Large numbers of “normal” people are at risk of being labelled as psychiatric patients, British experts have warned.

Sweeping changes to a diagnostic “bible” that influences practitioners around the world could make it far easier to be labelled with a psychological problem, it is claimed.

One suggestion of the US authors is a new diagnosis of “Psychosis Risk Syndrome” which singles out people thought to be at risk of developing a psychotic illness such as schizophrenia.

Individuals falling into this category might experience occasional mood changes, feelings of distress, anxiety or paranoia, or fleeting episodes of hearing voices.

In the past they might have been considered difficult or eccentric. Under the new proposals they could receive a diagnosis that affects their future lives and job prospects. Yet they may never develop “full blown” psychosis.

Other diagnoses under consideration include “mixed anxiety depression”, “binge eating, and “temper dysregulation disorder with dysphoria”.

In addition, the bar could be lowered on some common existing disorders, such as depression, so that more people are considered to have symptoms that warrant a diagnosis.

Professor Til Wykes, from the Institute of Psychiatry at King’s College London, today spoke of a trend that was “leaking into normality”.

She said: “It shrinks the pool of normality to a puddle, and there are going to be fewer people who won’t end up having a diagnosis of mental illness.”

Prof Wykes edits the Journal of Mental Health which carries a “health warning” about the proposals in its latest issue.

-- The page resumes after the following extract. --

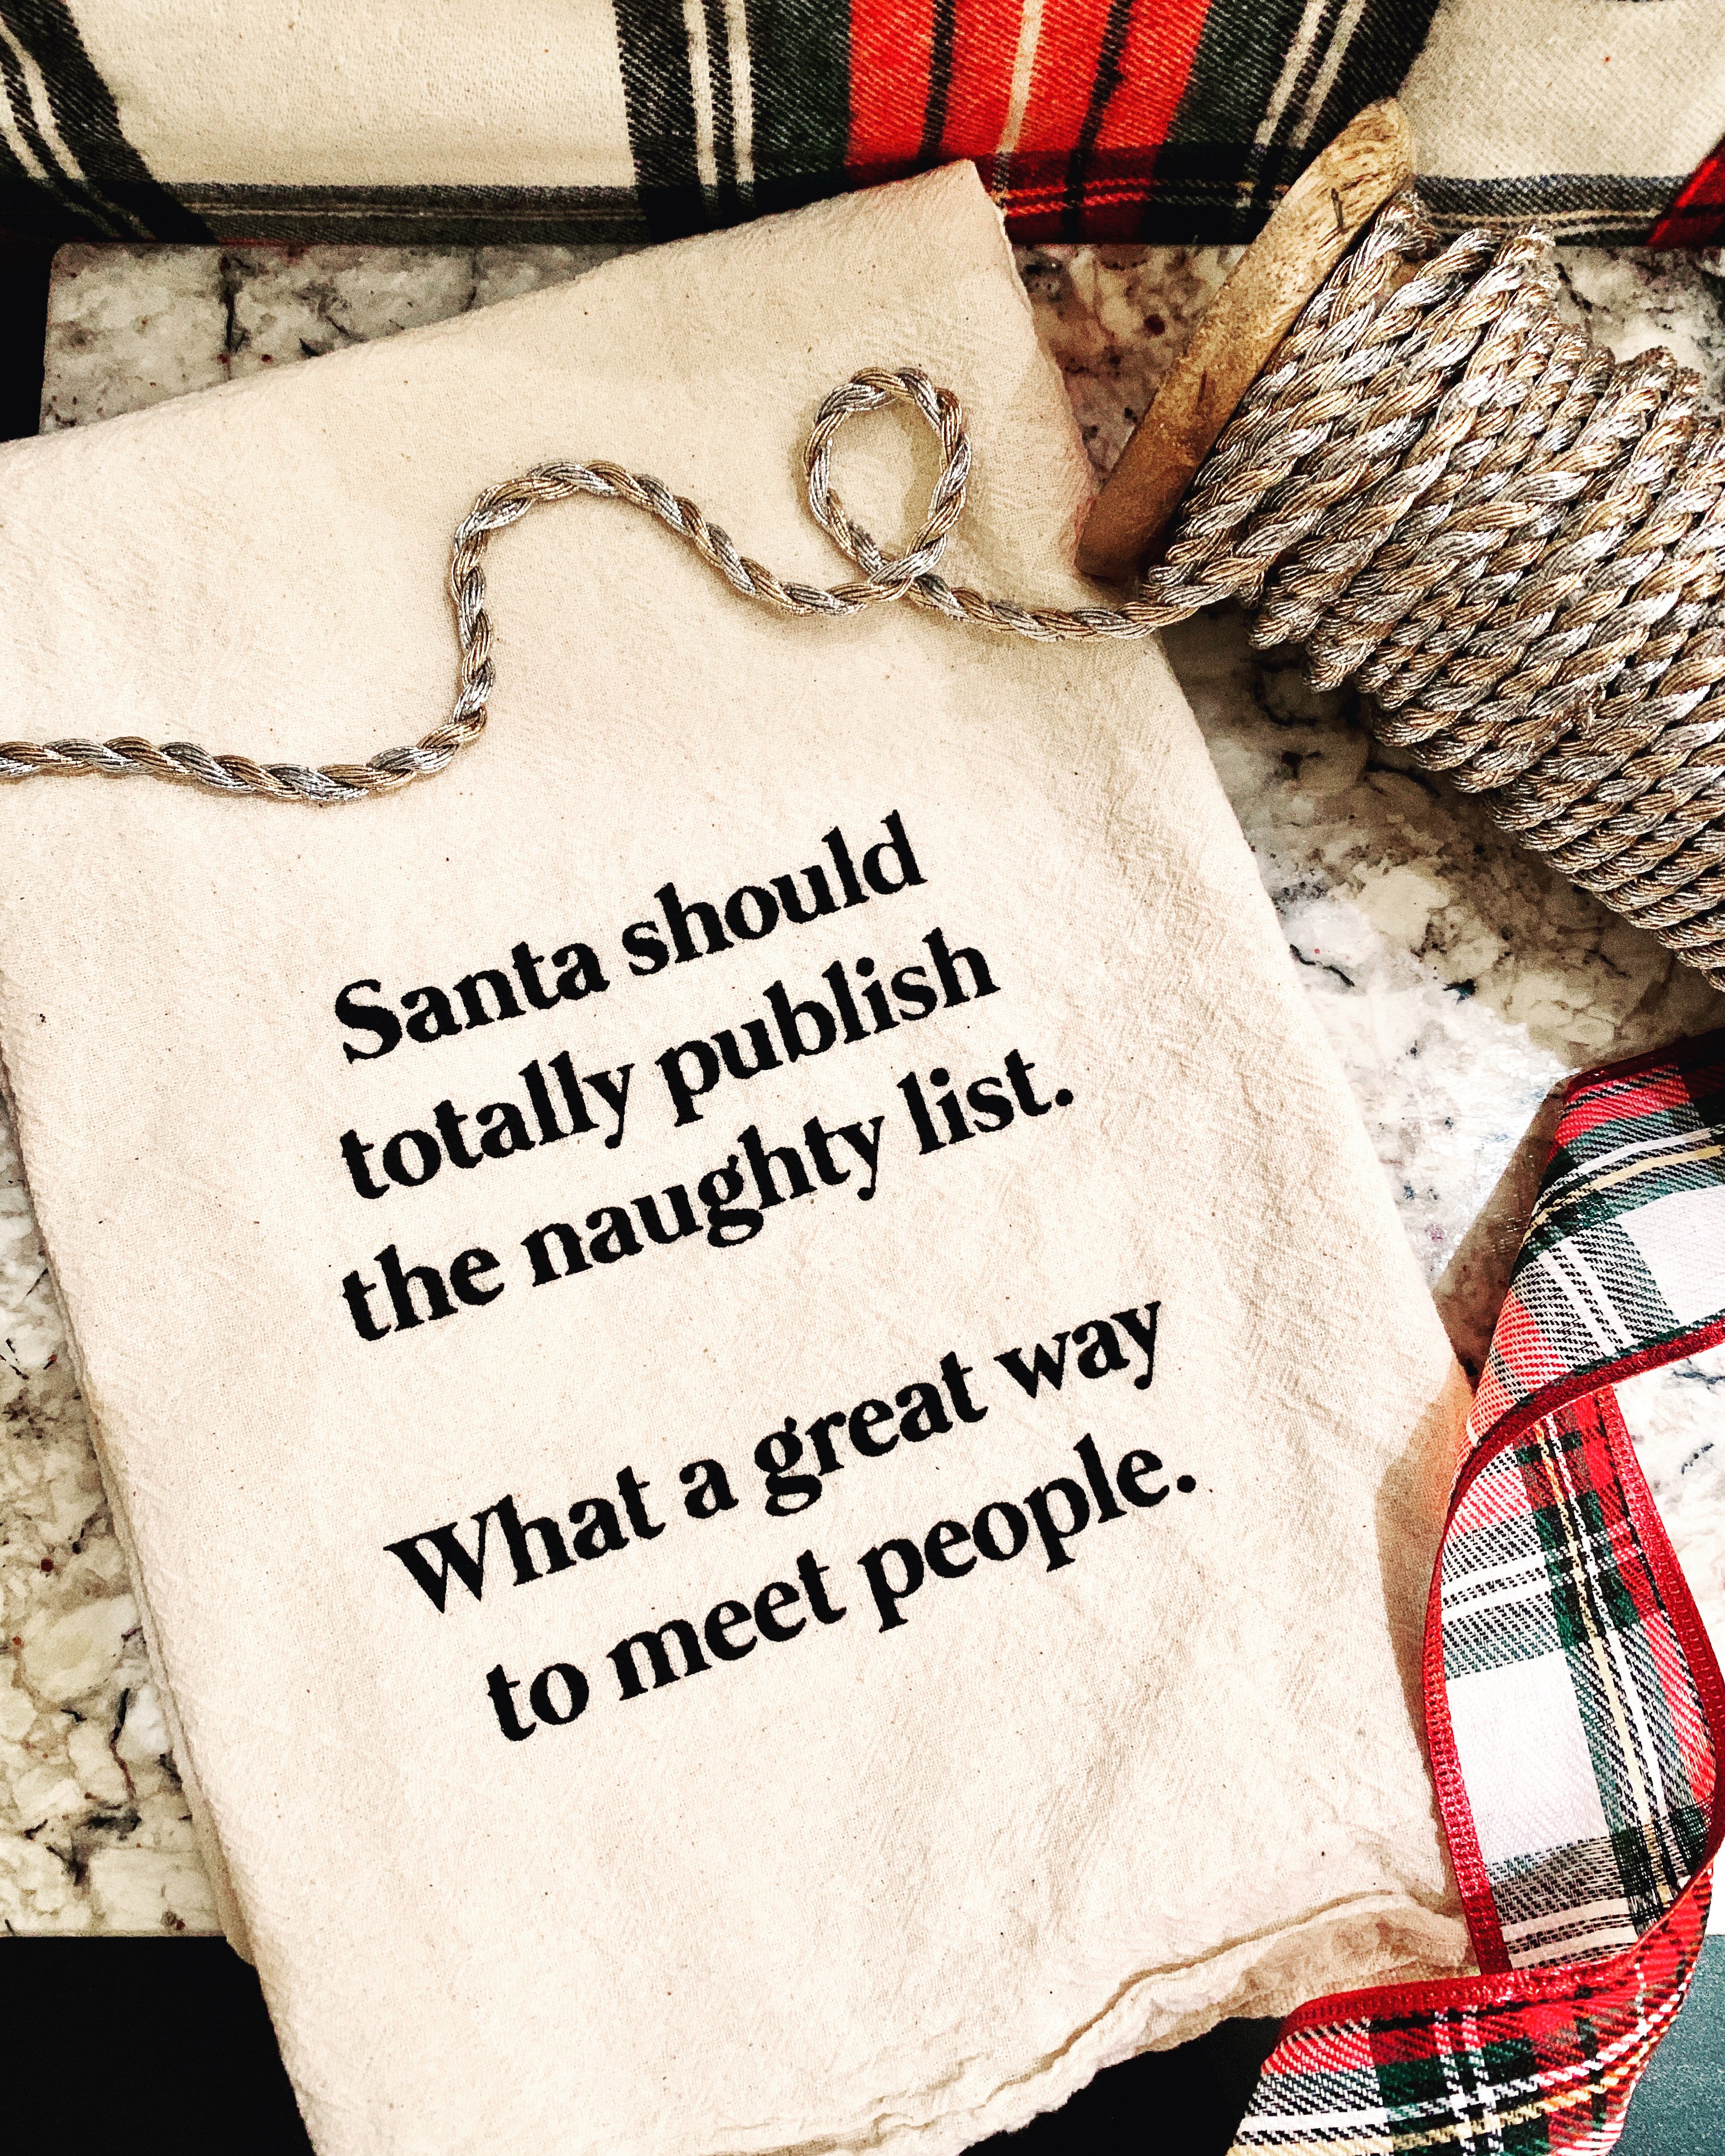 Santa should totally publish the naughty list. What a great way to meet people.

The changes have been put forward for discussion by a powerful group of US experts working on the fifth edition of the Diagnostic and Statistical Manual of Mental Disorders (DSM-5).

  • 9 Comments

Readers' comments (9)

  • Marjorie Lloyd

    this is the problem with mental illness in that anyone could potentially obtain a label with or without their consent, that can have far reaching consequences on their life. I prefer Thomas Szasz's definition of 'problems with living' which pretty much covers just about everything;-) But of course the medical insurance companies would not cough up for that so in order to make a 'claim' we do in fact need more labels not less.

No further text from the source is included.